Les États-Unis ont frappé environ 140 cibles en Iran dans la nuit, une escalade militaire majeure qui a immédiatement déclenché une riposte iranienne contre plusieurs pays du Golfe. Ces frappes, annoncées par le Commandement central américain (Centcom), interviennent après l'attaque par les forces iraniennes d'un navire marchand dans le détroit d'Ormuz, qui a été abandonné en flammes par son équipage.

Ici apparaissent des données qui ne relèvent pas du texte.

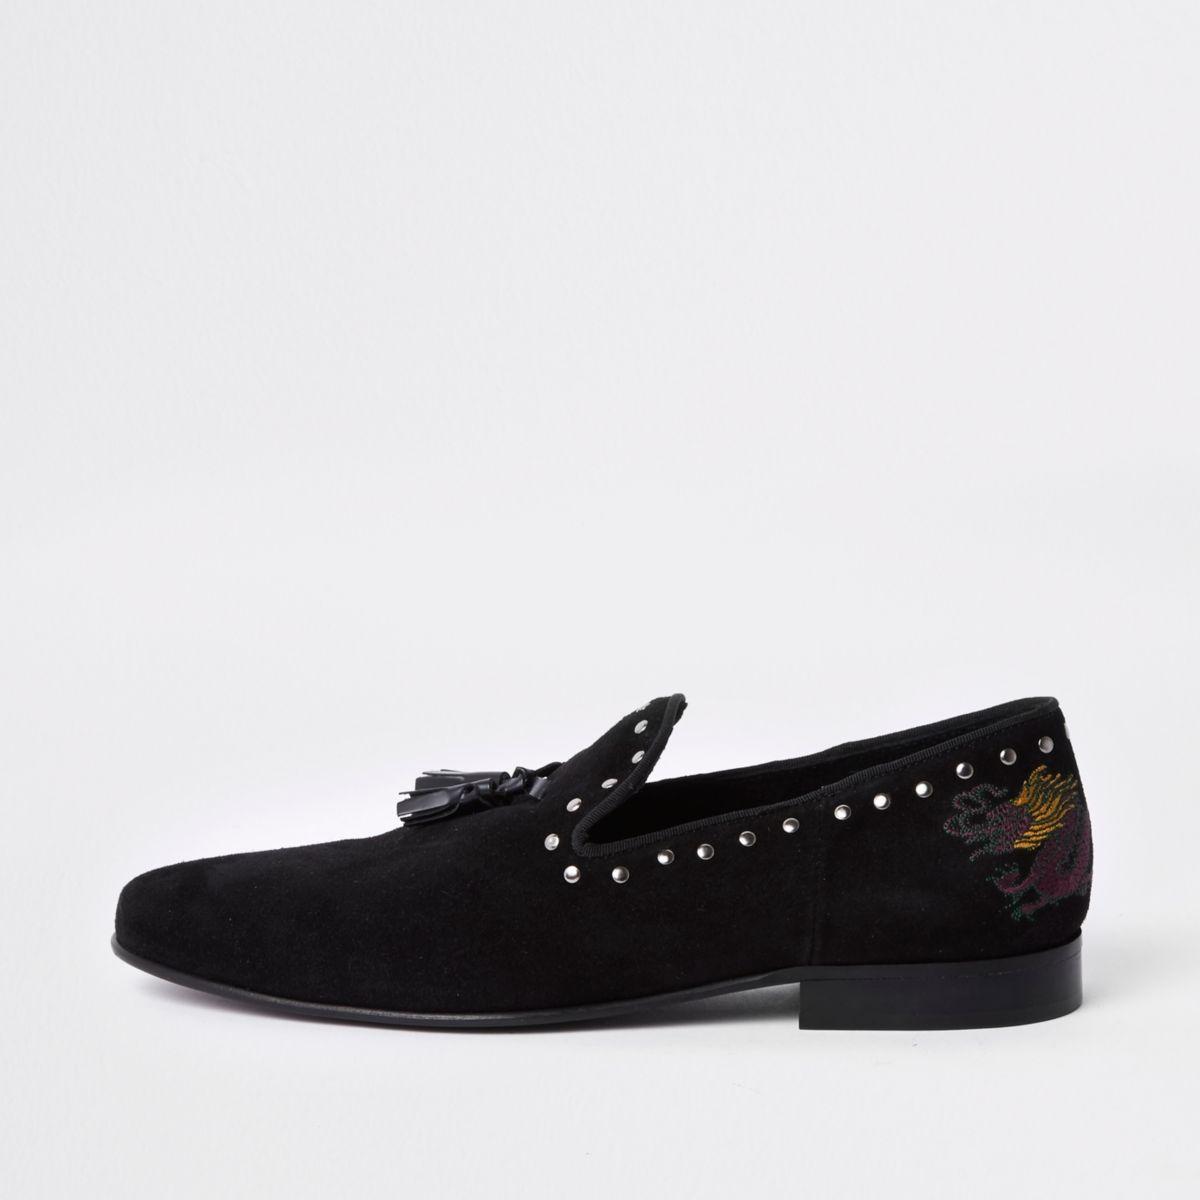 Black studded dragon embroidered loafer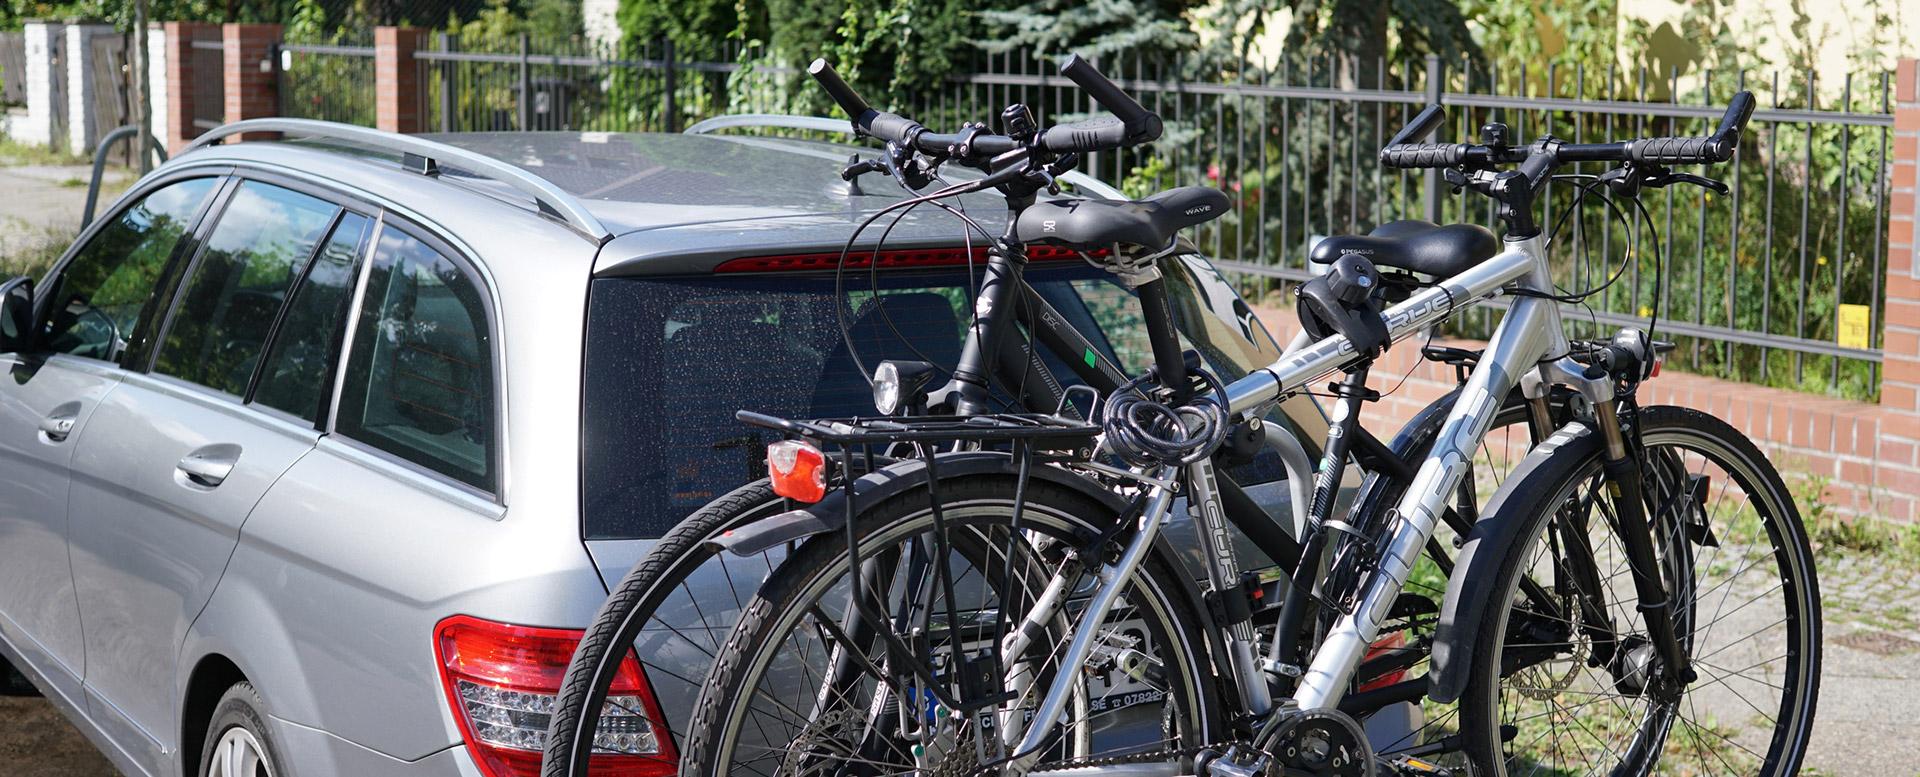 Auto packen - Heckträger für Fahrräder

Selon le Centcom, les frappes américaines ont visé des installations militaires et des sites stratégiques à travers l'Iran. L'ampleur de cette opération, qualifiée de massive par les observateurs, représente l'une des plus importantes actions directes des États-Unis contre la République islamique depuis le début des tensions dans la région. Les cibles comprenaient des bases de missiles, des centres de commandement et des infrastructures logistiques utilisées par les Gardiens de la révolution.

En représailles, Téhéran a lancé dimanche 12 juillet des missiles et des drones contre ses voisins du Golfe. Cette attaque a visé plusieurs monarchies pétrolières de la région, bien que les détails précis des cibles et des dégâts n'aient pas encore été communiqués. Les pays du Golfe, qui abritent des bases militaires américaines et des infrastructures énergétiques vitales, se retrouvent une fois de plus pris dans l'escalade entre Washington et Téhéran.

Le détroit d'Ormuz, point de passage stratégique par lequel transite environ un tiers du pétrole mondial transporté par voie maritime, est devenu le théâtre de cet affrontement. L'attaque iranienne contre un navire marchand dans cette zone a été le déclencheur direct des frappes américaines. Le navire, dont la nationalité n'a pas été précisée, a été abandonné en flammes par son équipage, selon les informations disponibles.

Ces hostilités mettent une fois de plus à mal le cessez-le-feu théoriquement en vigueur entre les deux ennemis. Depuis des mois, les relations entre Washington et Téhéran oscillent entre trêves précaires et reprises des combats, sans qu'aucun accord de paix durable n'ait pu être conclu. Les frappes américaines et la riposte iranienne représentent une rupture nette de toute accalmie récente.

La communauté internationale suit avec inquiétude cette escalade. Le détroit d'Ormuz, déjà au cœur de nombreuses tensions passées, est considéré comme un point névralgique pour la sécurité énergétique mondiale. Toute perturbation du trafic maritime dans cette zone pourrait avoir des conséquences économiques immédiates sur les marchés pétroliers et l'approvisionnement énergétique de nombreux pays.

Les pays du Golfe, bien que directement visés par la riposte iranienne, n'ont pas encore annoncé de réponse coordonnée. Plusieurs d'entre eux entretiennent des relations complexes avec l'Iran, oscillant entre rivalité régionale et tentatives de dialogue. Les frappes iraniennes pourraient toutefois les pousser à renforcer leur coopération sécuritaire avec les États-Unis.

Le Centcom a précisé que les opérations américaines se poursuivaient pour évaluer les dégâts infligés aux cibles iraniennes et prévenir de nouvelles attaques. De son côté, Téhéran a menacé de nouvelles représailles si les frappes américaines ne cessaient pas. La situation reste extrêmement volatile, avec un risque élevé d'embrasement régional.

Les experts en sécurité régionale soulignent que cette escalade pourrait avoir des répercussions bien au-delà du Moyen-Orient. La perturbation du détroit d'Ormuz, combinée à l'instabilité régionale, pourrait affecter les chaînes d'approvisionnement mondiales et les prix de l'énergie. Les marchés financiers ont déjà réagi avec nervosité à l'annonce des frappes.

Les prochaines heures seront cruciales pour déterminer si cette escalade peut être contenue ou si elle débouche sur un conflit ouvert entre les États-Unis et l'Iran, avec des conséquences potentiellement dévastatrices pour l'ensemble de la région. Les canaux diplomatiques, bien que fragiles, restent ouverts, mais la méfiance réciproque est à son comble.